Work instructions
Below is a listing with pictures in it. Copy it exactly without them.

Source material
_ _ _

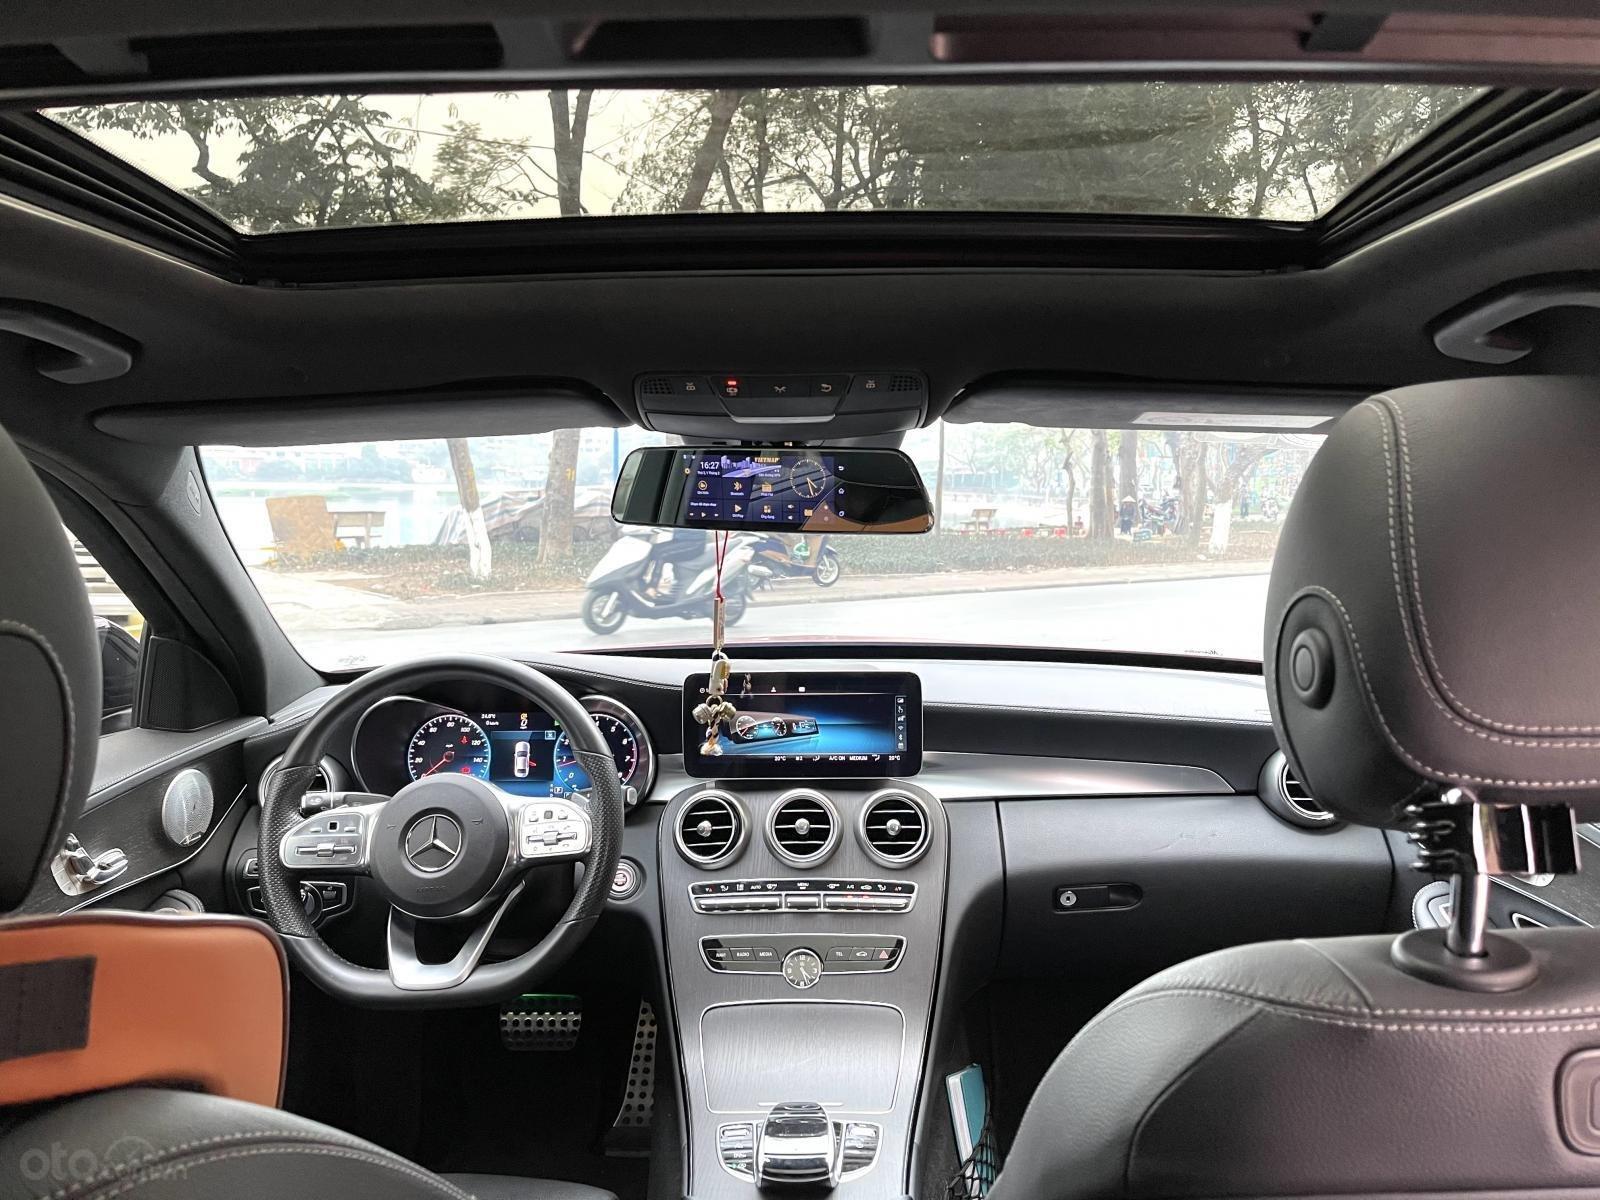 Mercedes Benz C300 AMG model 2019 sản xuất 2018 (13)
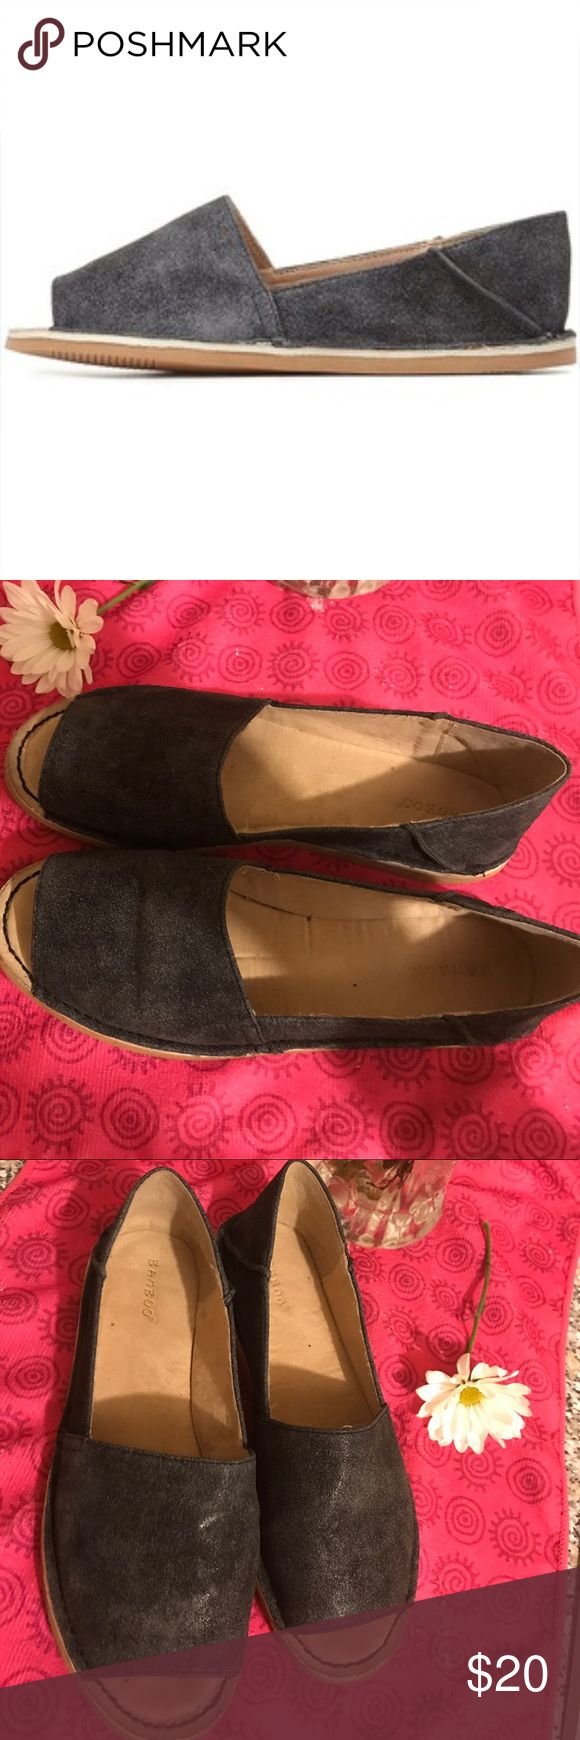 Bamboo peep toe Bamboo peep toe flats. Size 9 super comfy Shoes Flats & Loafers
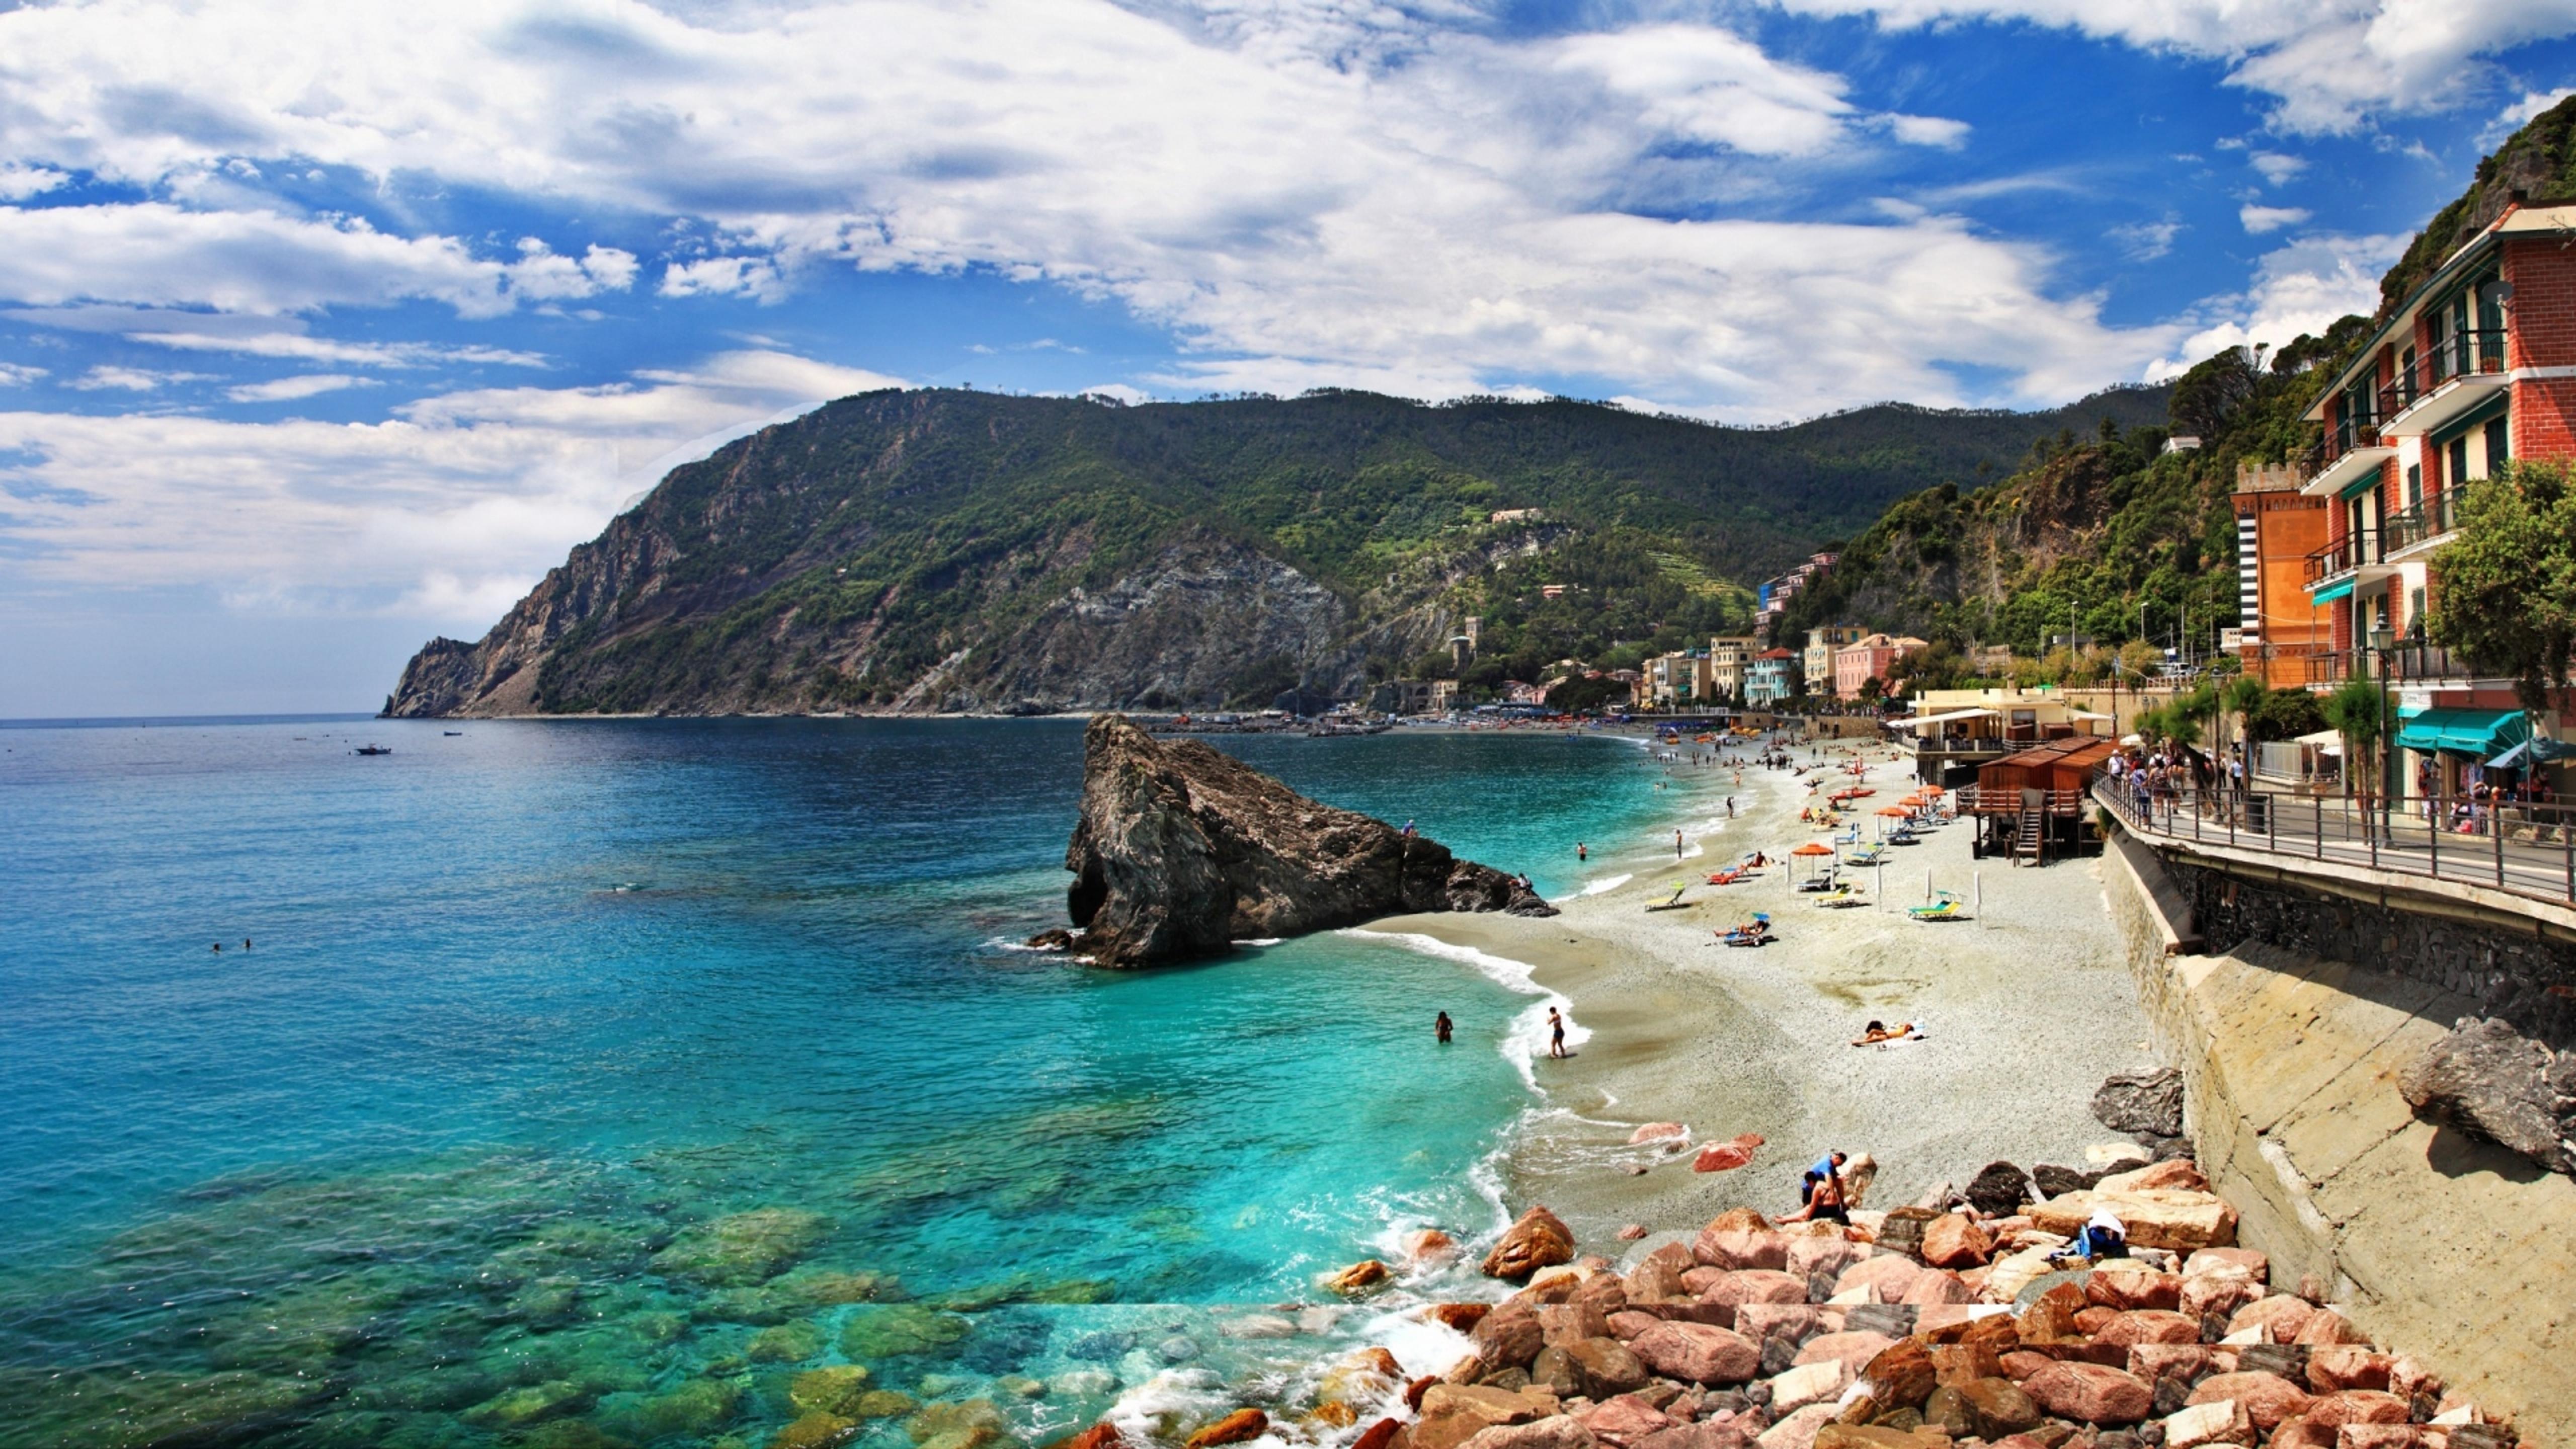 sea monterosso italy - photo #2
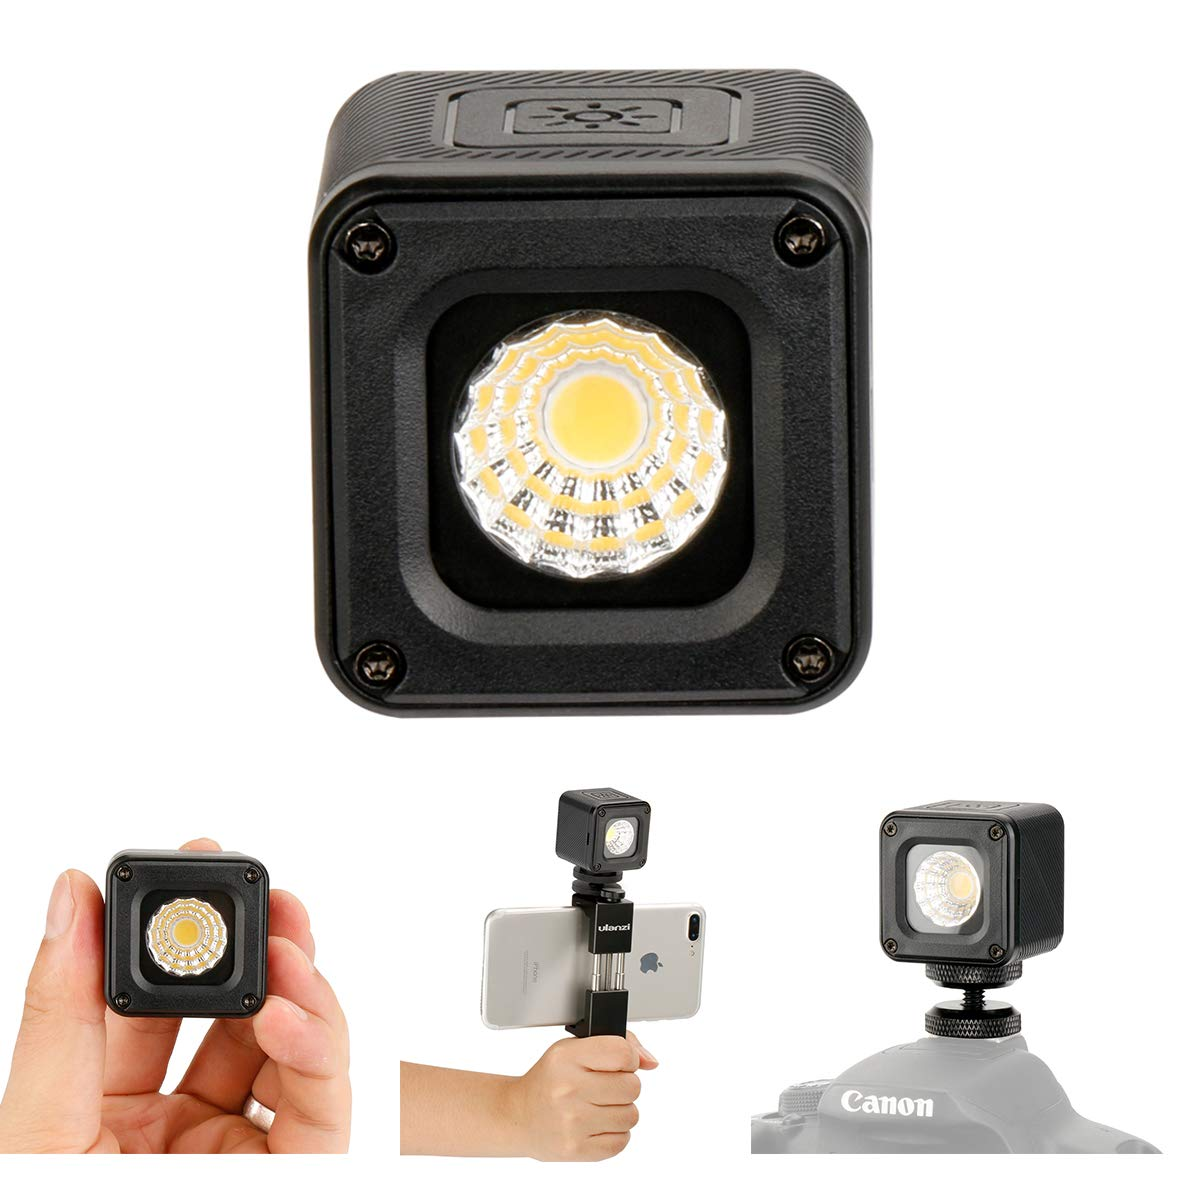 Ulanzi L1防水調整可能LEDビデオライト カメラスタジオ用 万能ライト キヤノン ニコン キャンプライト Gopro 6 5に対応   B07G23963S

_ _ _

Written solution
 Mercedes Benz C300 AMG model 2019 sản xuất 2018 (13)
 Bamboo peep toe Bamboo peep toe flats. Size 9 super comfy Shoes Flats & Loafers
 sea monterosso italy - photo #2
 Ulanzi L1防水調整可能LEDビデオライト カメラスタジオ用 万能ライト キヤノン ニコン キャンプライト Gopro 6 5に対応   B07G23963S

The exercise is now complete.